[[ RECORDS, beginning ]]

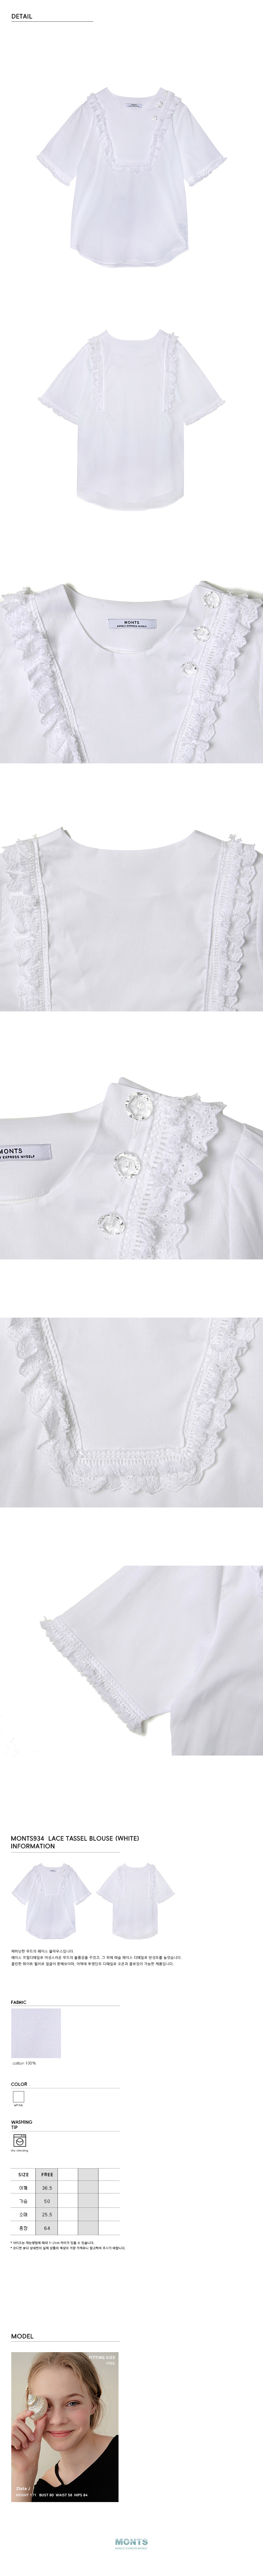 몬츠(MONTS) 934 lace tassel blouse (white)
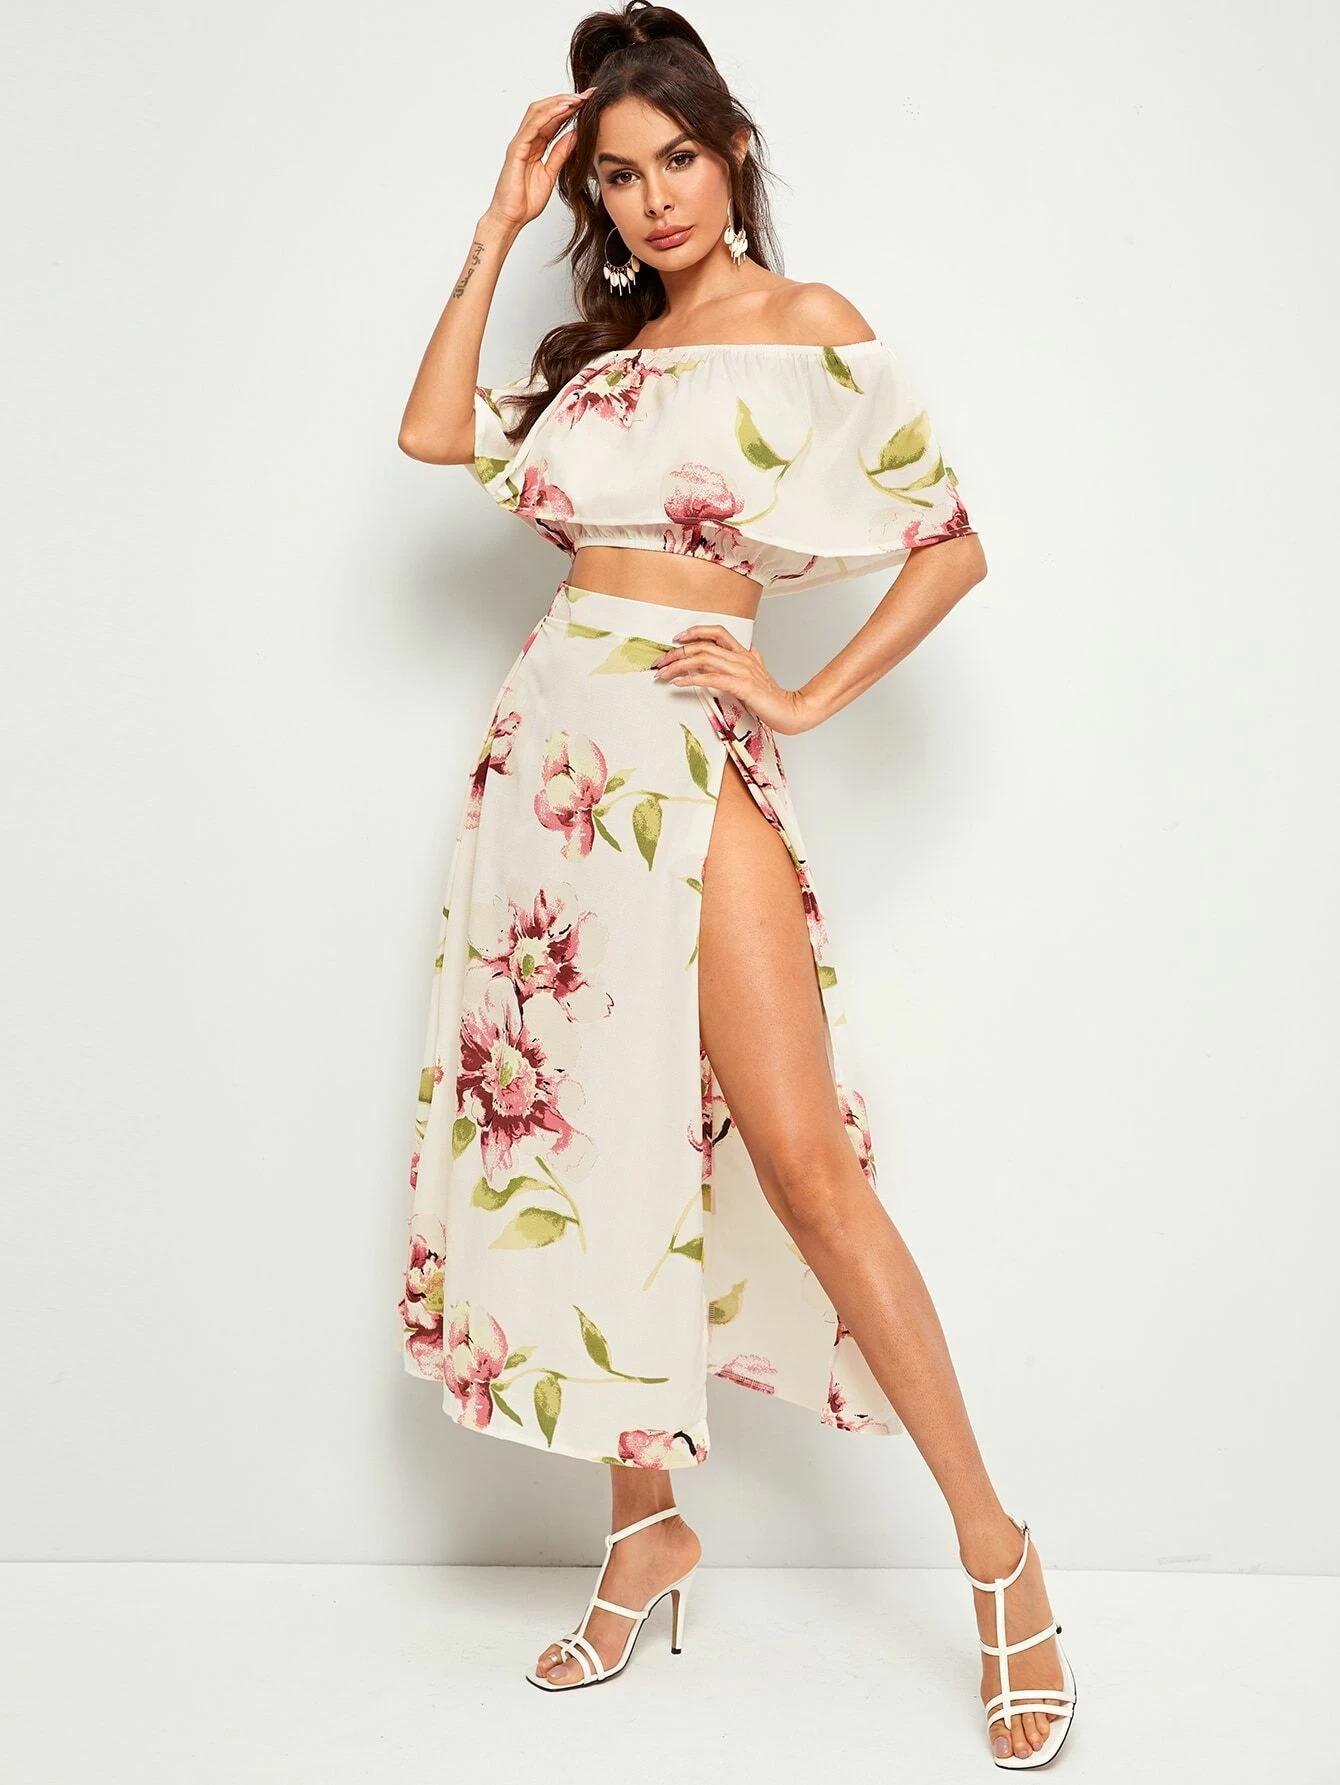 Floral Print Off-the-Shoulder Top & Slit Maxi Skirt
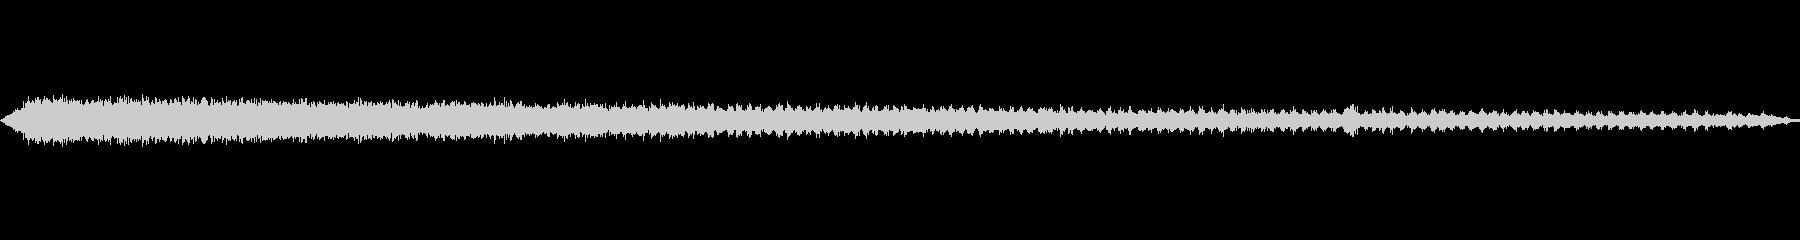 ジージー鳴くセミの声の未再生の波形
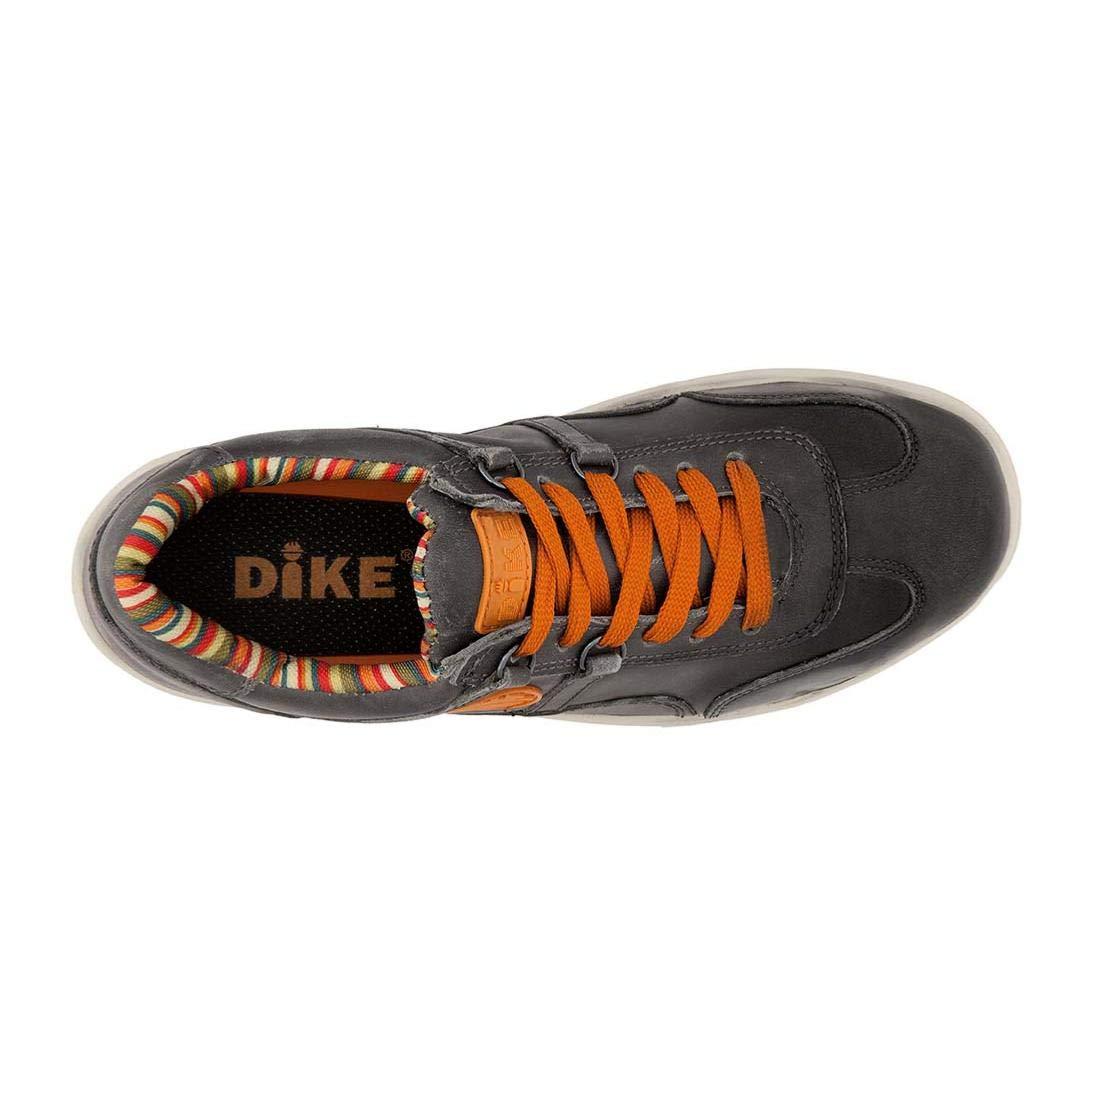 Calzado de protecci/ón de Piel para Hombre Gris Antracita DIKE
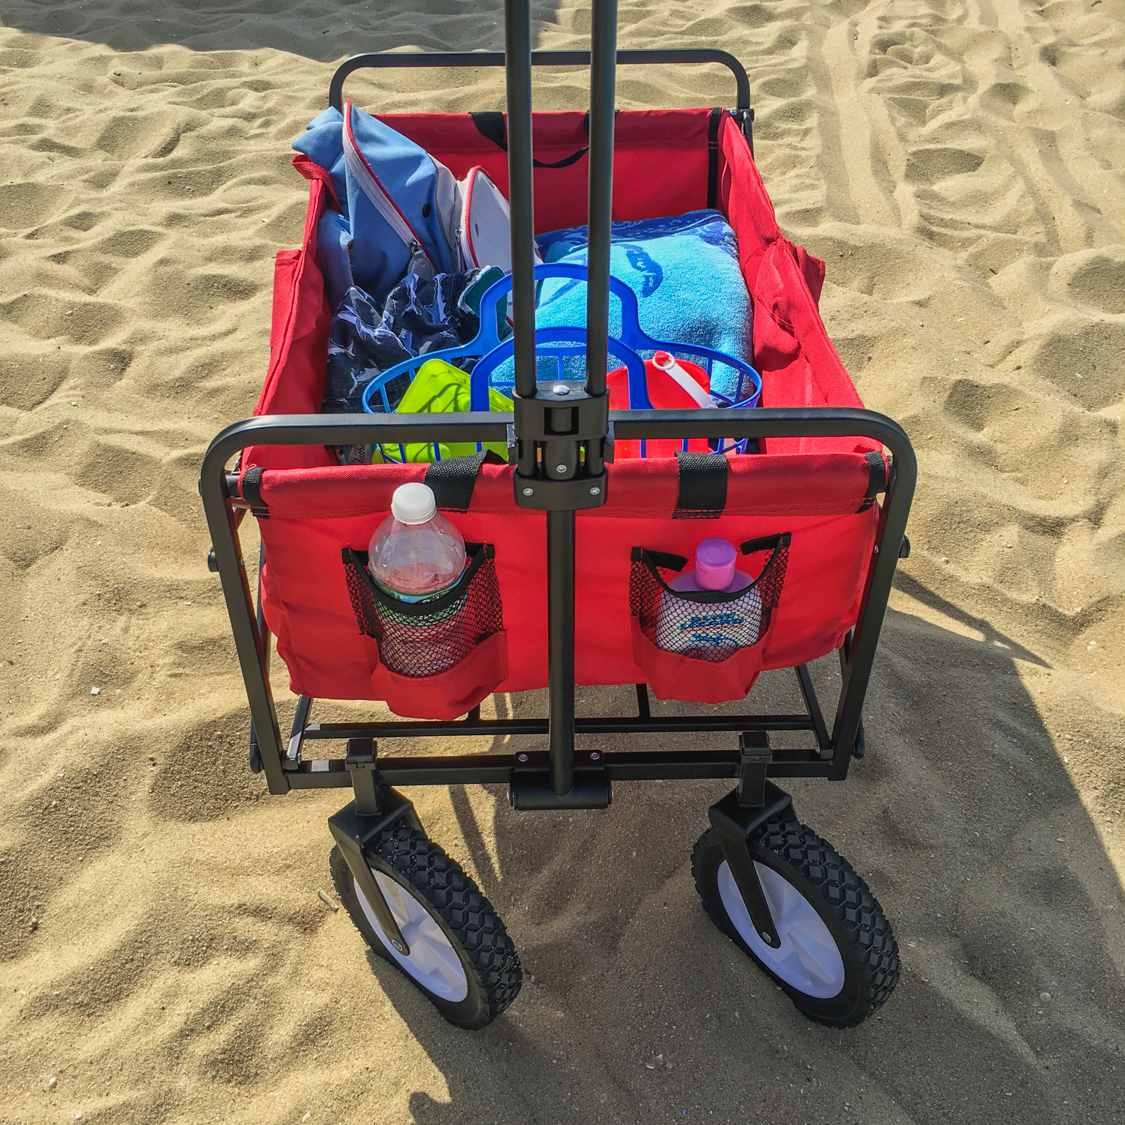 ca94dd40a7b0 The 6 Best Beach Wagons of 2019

[[ RECORDS, end ]]

#### [ABOUT THIS EXERCISE]
Word for word, retype the lines from the one that contains "ジージー鳴くセミの声の未再生の波形" through the final line of the data, both ends included, excluding pictures.

#### [ANSWER]
 ジージー鳴くセミの声の未再生の波形
 Calzado de protecci/ón de Piel para Hombre Gris Antracita DIKE
 ca94dd40a7b0 The 6 Best Beach Wagons of 2019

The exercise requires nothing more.